--- Dataset extract ---
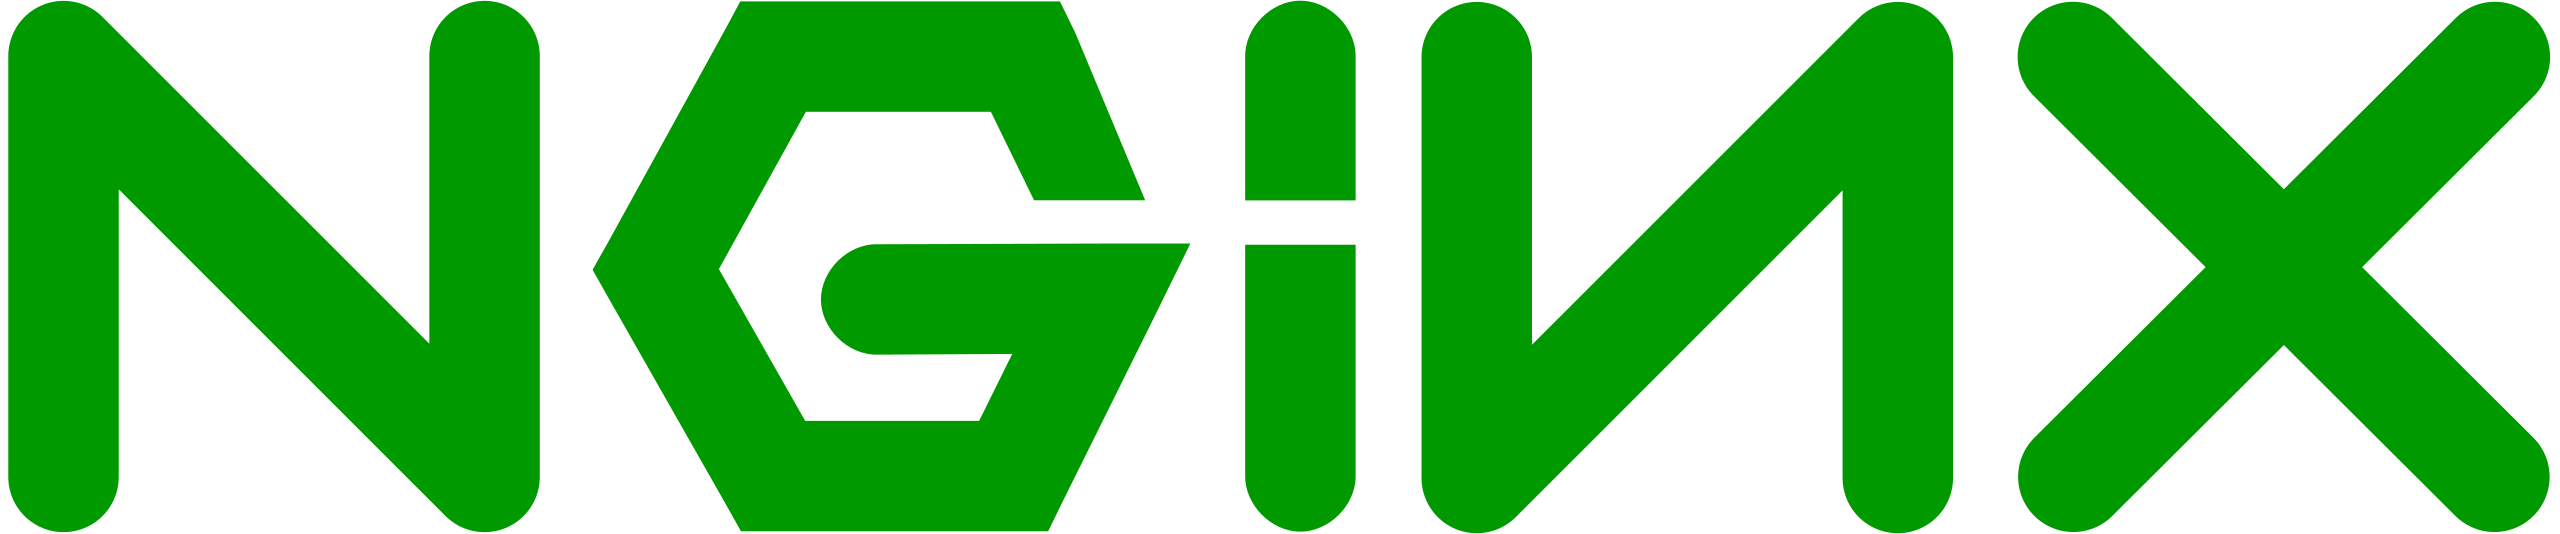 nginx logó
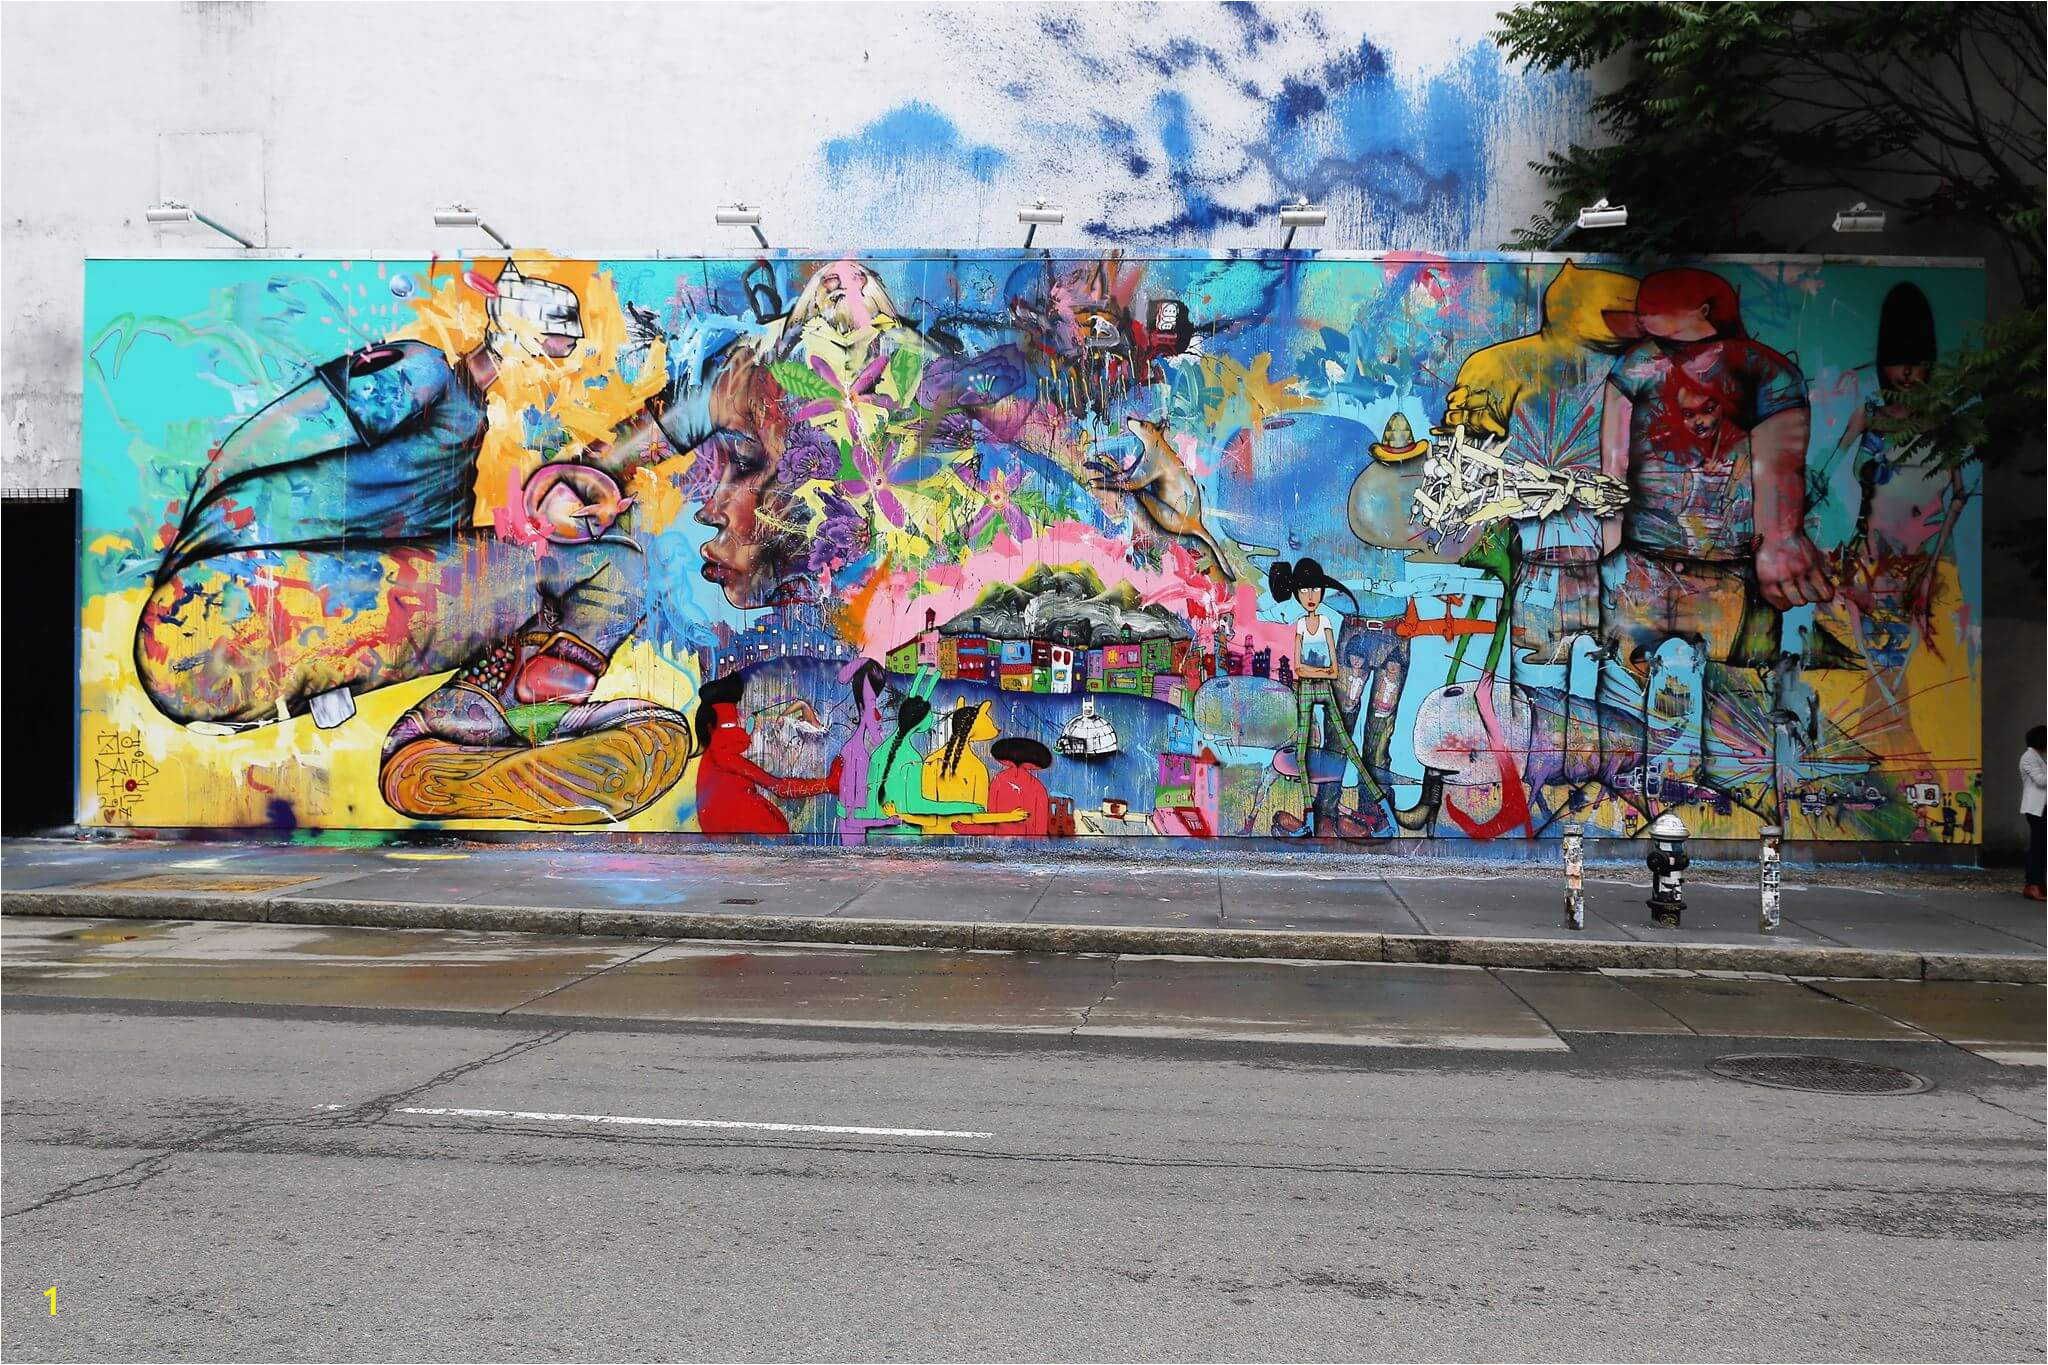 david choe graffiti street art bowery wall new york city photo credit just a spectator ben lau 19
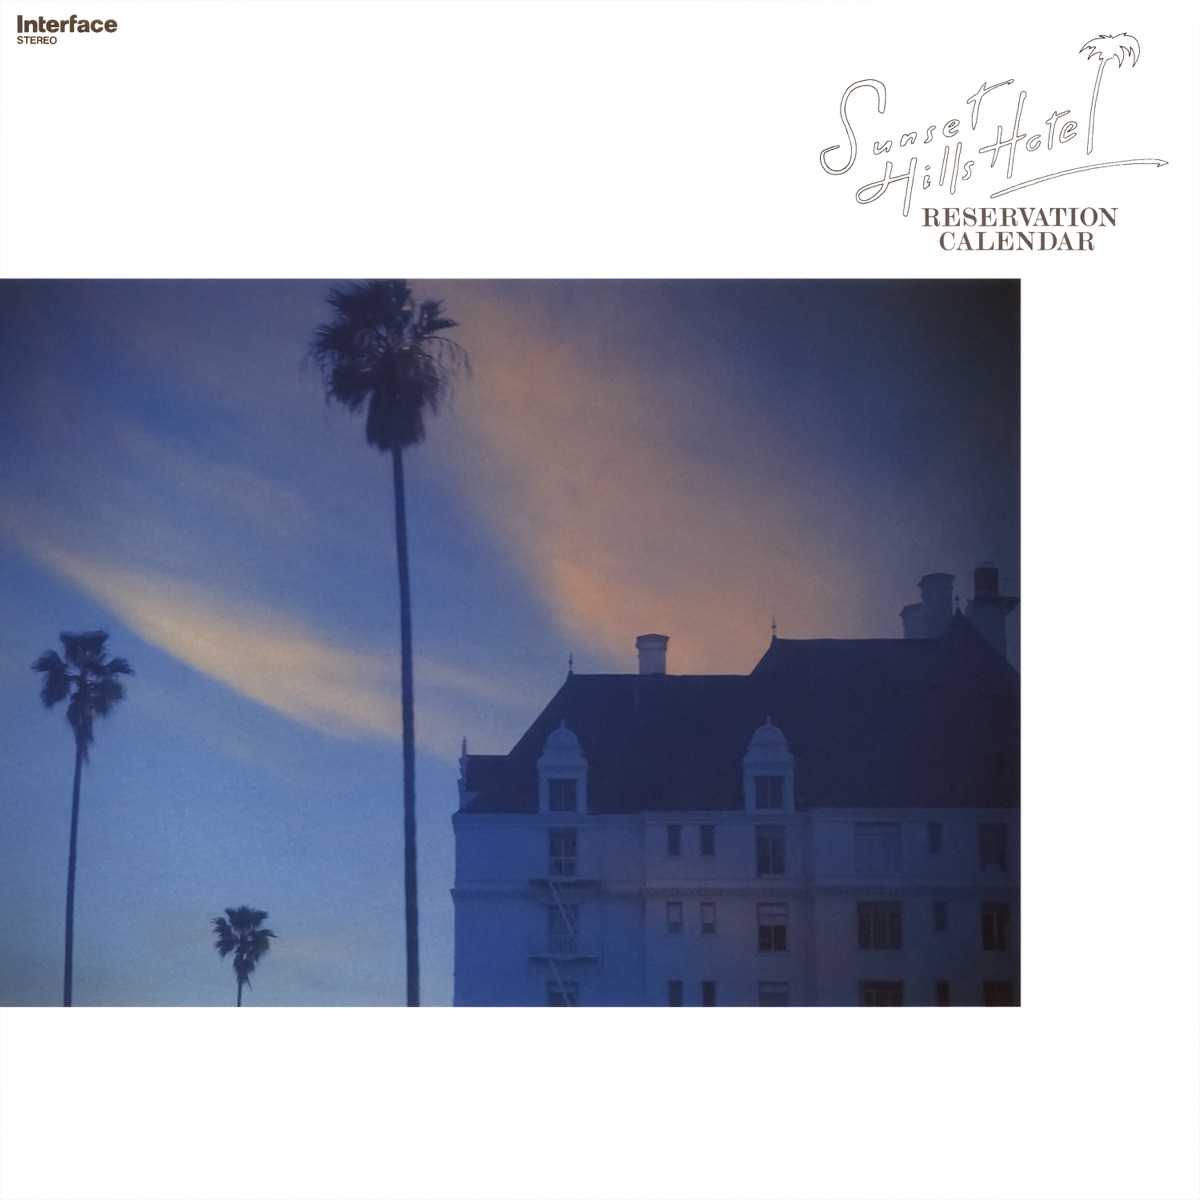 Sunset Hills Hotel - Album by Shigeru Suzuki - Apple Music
---
Instructions to follow: Take the lines from the one holding "david choe graffiti" through the last line of the data above and copy them exactly, both ends included, omitting all pictures.

Written response:
 david choe graffiti street art bowery wall new york city photo credit just a spectator ben lau 19
 Sunset Hills Hotel - Album by Shigeru Suzuki - Apple Music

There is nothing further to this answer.